Data Oblivious ISA Extensions for Side Channel-Resistant ...aspects of this problem by developing a novel type of ISA extension which we call a Data Oblivious ISA extension (OISA).

1 Chapter 3, Appendix B ALU for Computers (MIPS) design a fast ALU for the MIPS ISA requirements ? –support the arithmetic/logic operations: add, addi.

Computer Systems Organization · ALU and registered connected by several buses. A + B A + B A A B B Registers ALU input register ALU output register ALU ALU input b us Registers feed

R600 ISA - freedesktop.org · TU Dresden, 09.11.11 R600 ISA Folie 8 Control Flow Programs One instruction: 64 bits Call ALU clauses (ALU), texture fetch clauses and vertex fetch clauses

Alu-Tech Bodyshell - Canterbury · PDF file · 2015-12-04Alu-Tech Bodyshell The pursuit of enjoyment ... About Alu-Tech Alu-Tech Bodyshell Alu-Tech Bodyshell Alu-Tech Bodyshell Alu-Tech

Lecture 21: Data Level Parallelism --SIMD ISA Extensions ... · 11 Multimedia Extensions (aka SIMD extensions) to Scalar ISA § Very short vectors added to existing ISAsfor microprocessors

ALU Architecture and ISA Extensions - ECE 3056ece3056-sy.ece.gatech.edu/wp-content/uploads/sites/546/2017/08/...ALU Architecture and ISA Extensions ... • Basic Arithmetic Logic Unit

Alu Alu J AluJb AluJo Alu S Alu Sx Alu Sg Alu Sp Alu Sc Alu Sq Alu Y.

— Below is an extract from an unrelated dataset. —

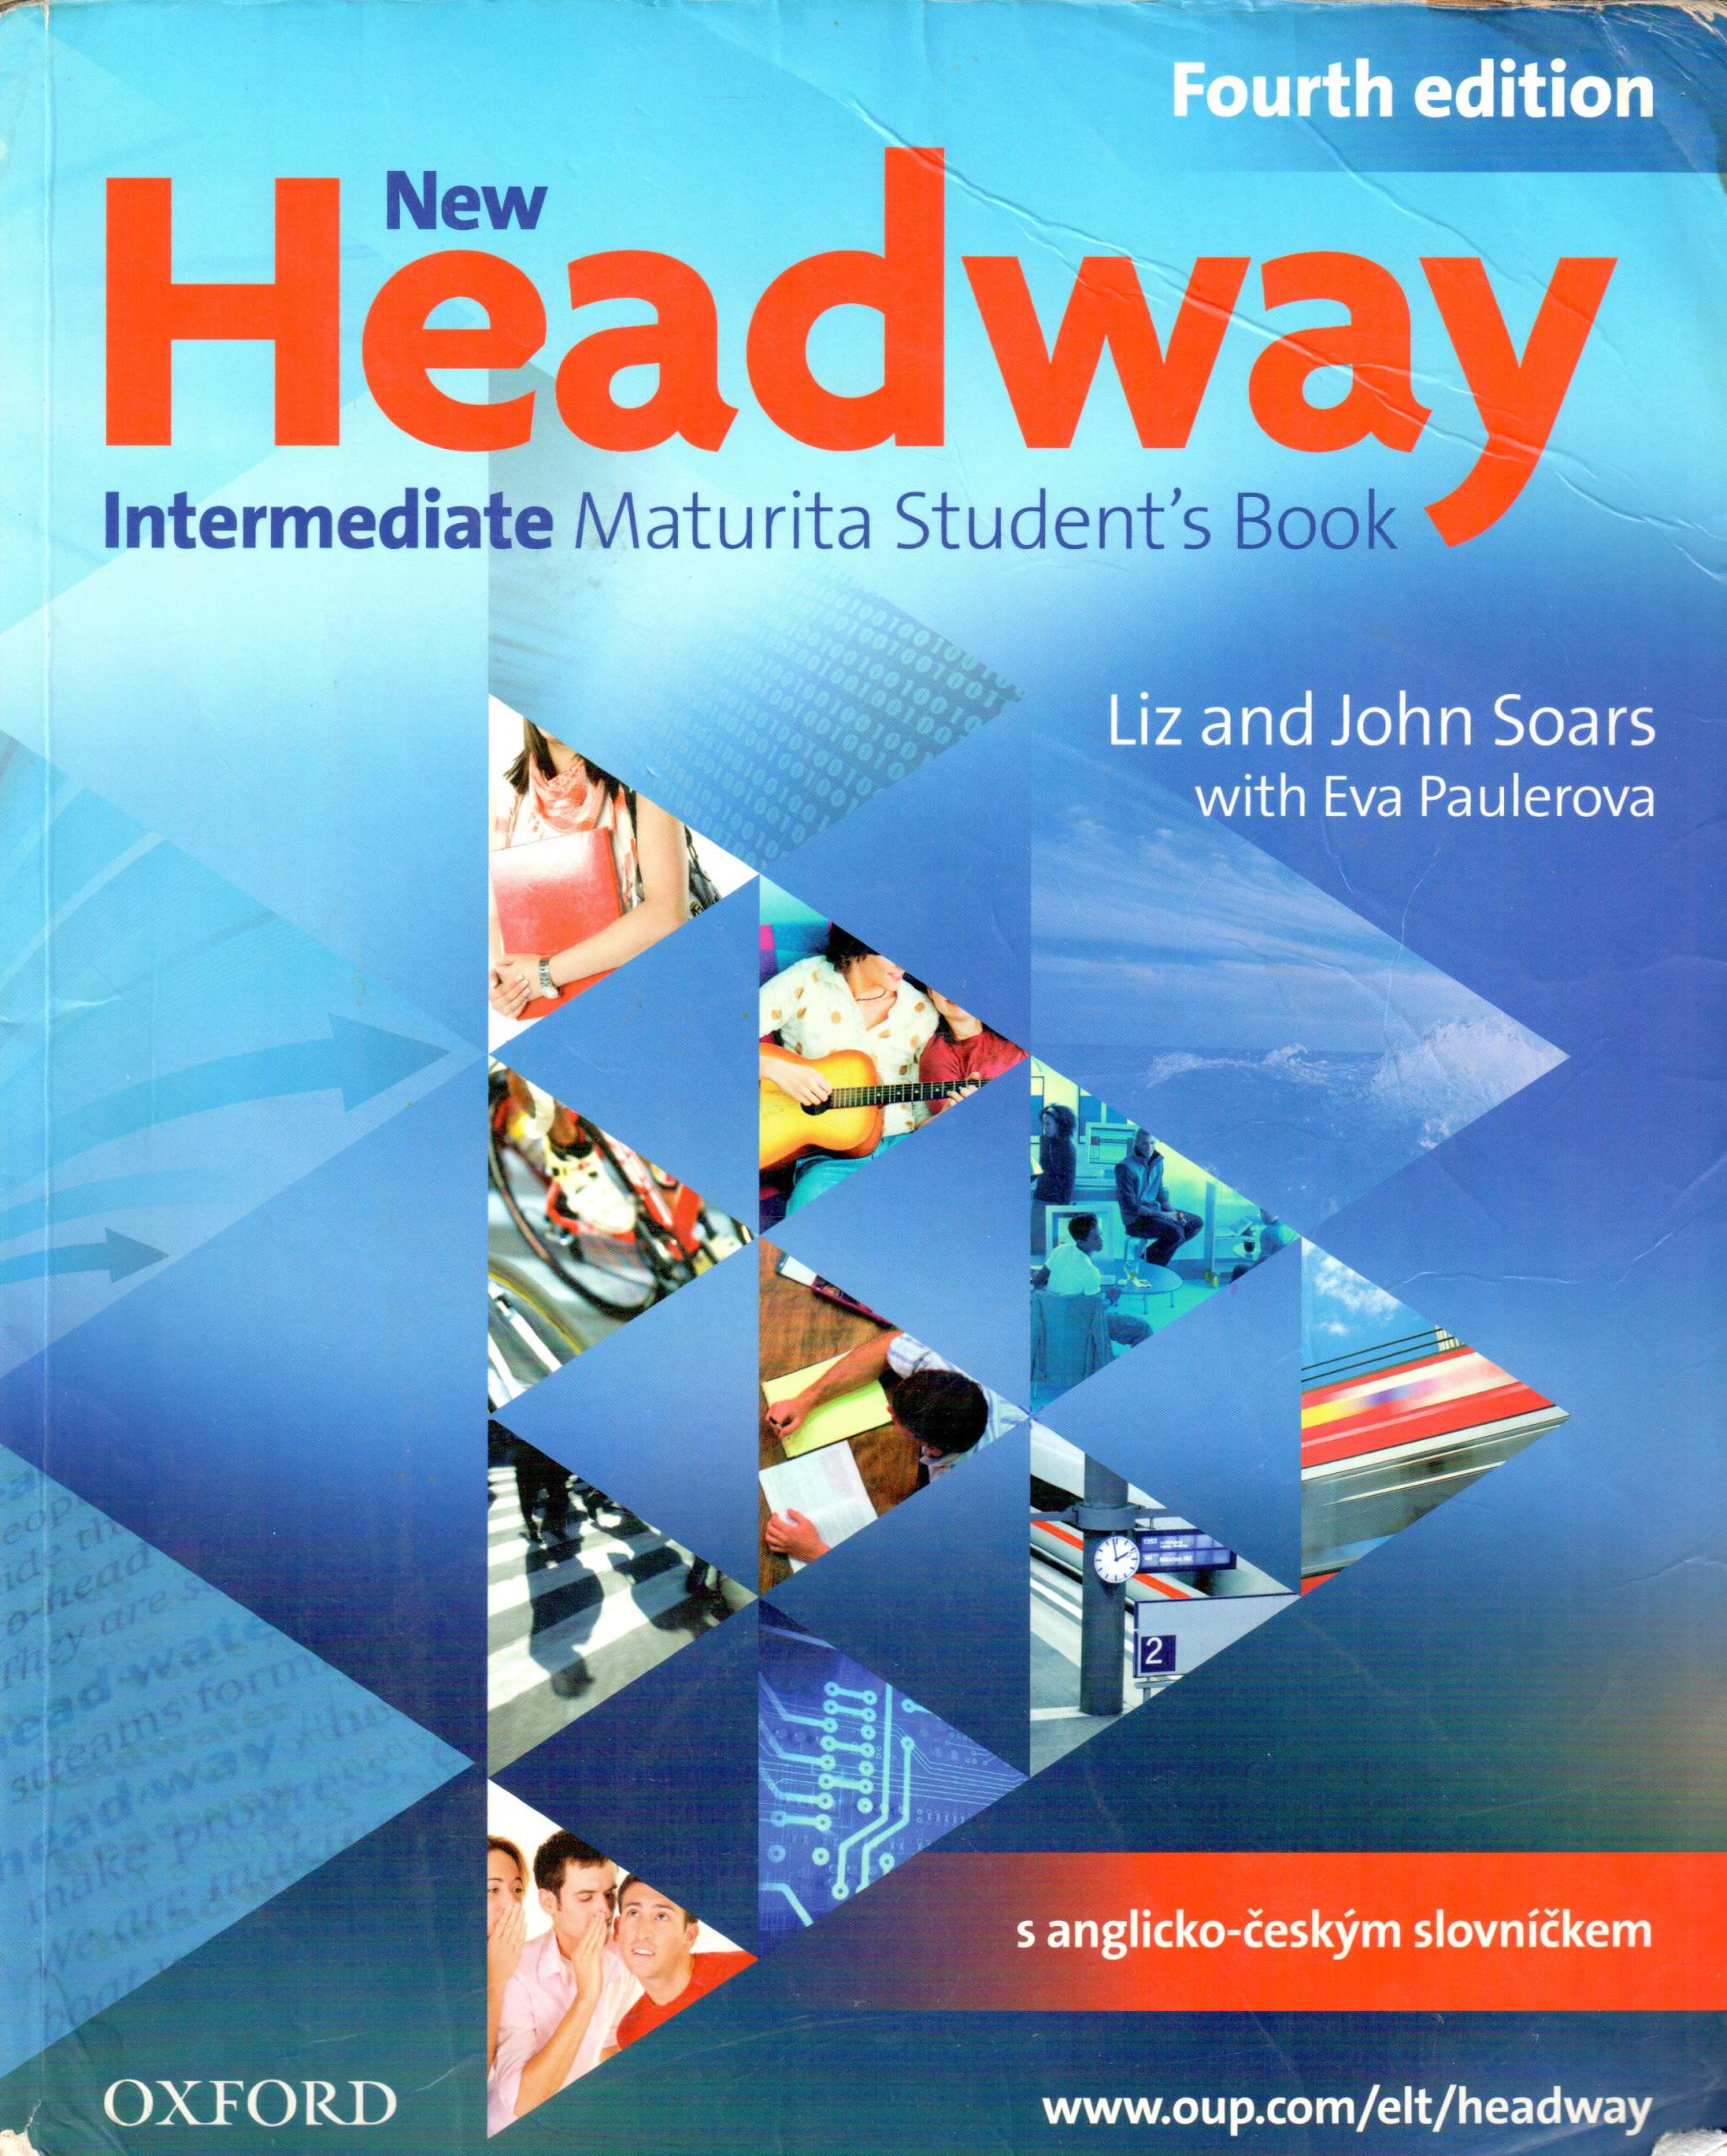 New Headway: Intermediate Maturita Student's Book - Náhled učebnice

Alu-Alu Machine Change Parts By Pharmatech Engineering Company, Maharashtra

ALU Report

Alu Nortel

ITEC 352 Lecture 12 ISA(3). Review Buses Memory ALU Registers Process of compiling.

Product Catalogue - Form-Scaff · 2018-12-11 · Alu-Up Prop Stubs and Extensions Alu-Up Prop Extensions are used to extend the propping height in small increments. The Stubs are

· technQwood DESIGN ARCHITECTURE SYSTEMS TECHNOWOOD Alu Panel ALU product details

Alu Catalogue

M3 – RISC-V ALU Design · Truth Table of the ALU CU Instrn Opcode ALU Op Operation funct7 funct3 ALU Action ALU Control Input LD 00 Load doubleword XXXXXXX XXX add 0010 SD 00 Store

ALU & CPU Computer Architecture. Introducing ALU ALU: Arithmetic & Logic Unit –Performs arithmetic operations Addition Subtraction –Performs logic operations.